Here I've made a very rough sketch of my typical application skeleton that I develop, but given that it uses GPU now (note, I have almost zero practical knowledge about GPU programming). Still important is that data types and functionality must be exactly preserved. Here it is:
enter image description here

So F(A,R,P) is some custom function, for example element substitution, repetition, etc. Function is presumably constant in program lifetime, rectangle's shapes generally are not equal with A shape, so it is not in-place calculation. So they are simply generated whith my functions. Examples of F: repeat rows and columns of A; substitute values with values from Substitution tables; compose some tiles into single array; any math function on A values, etc. As said all this can be easily made on CPU, but app must be really smooth. BTW in pure Python it became just unusable after adding several visual features, which are based on numpy arrays. Cython helps to make fast custom functions but then the source code is already kind of a salad.

Question:

  • Does this schema reflect some (standart) technology/dev.tools?

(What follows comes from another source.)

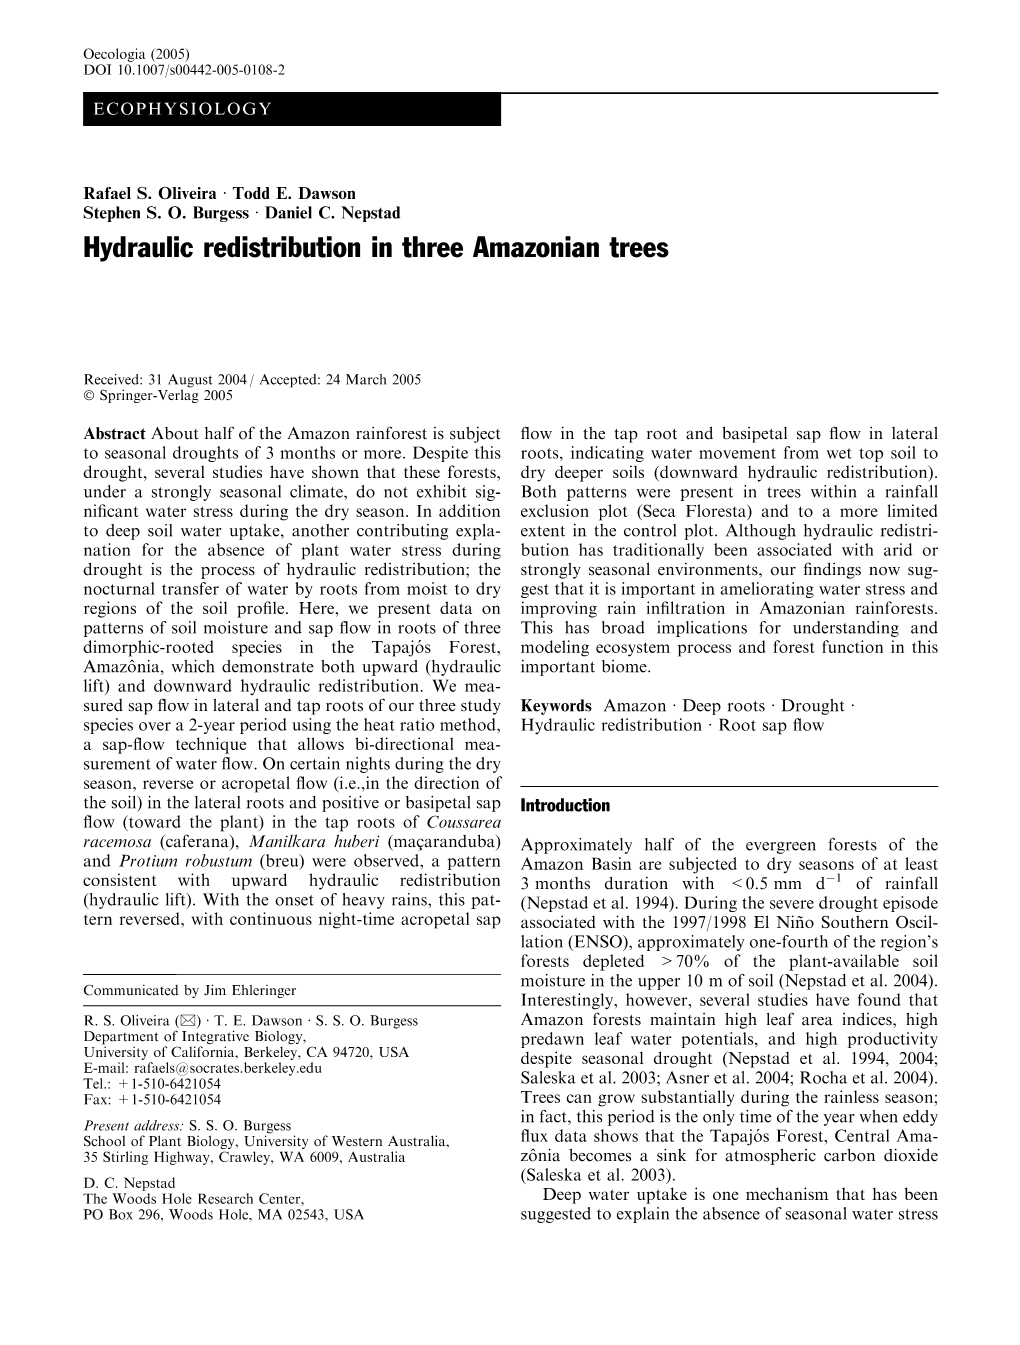 Hydraulic Redistribution in Three Amazonian Trees

  • Is CUDA what I am looking for? If yes, some links/examples which coincides whith my application structure, would be great.

I realise, this a big question, so I will give more details if it helps.


Update

Here is a concrete example of two typical calculations for my prototype of bitmap editor. So the editor works with indexes and the data include layers with corresponding bit masks. I can determine the size of layers and masks are same size as layers and, say, all layers are same size (1024^2 pixels = 4 MB for 32 bit values). And my palette is say, 1024 elements (4 Kilobytes for 32 bpp format).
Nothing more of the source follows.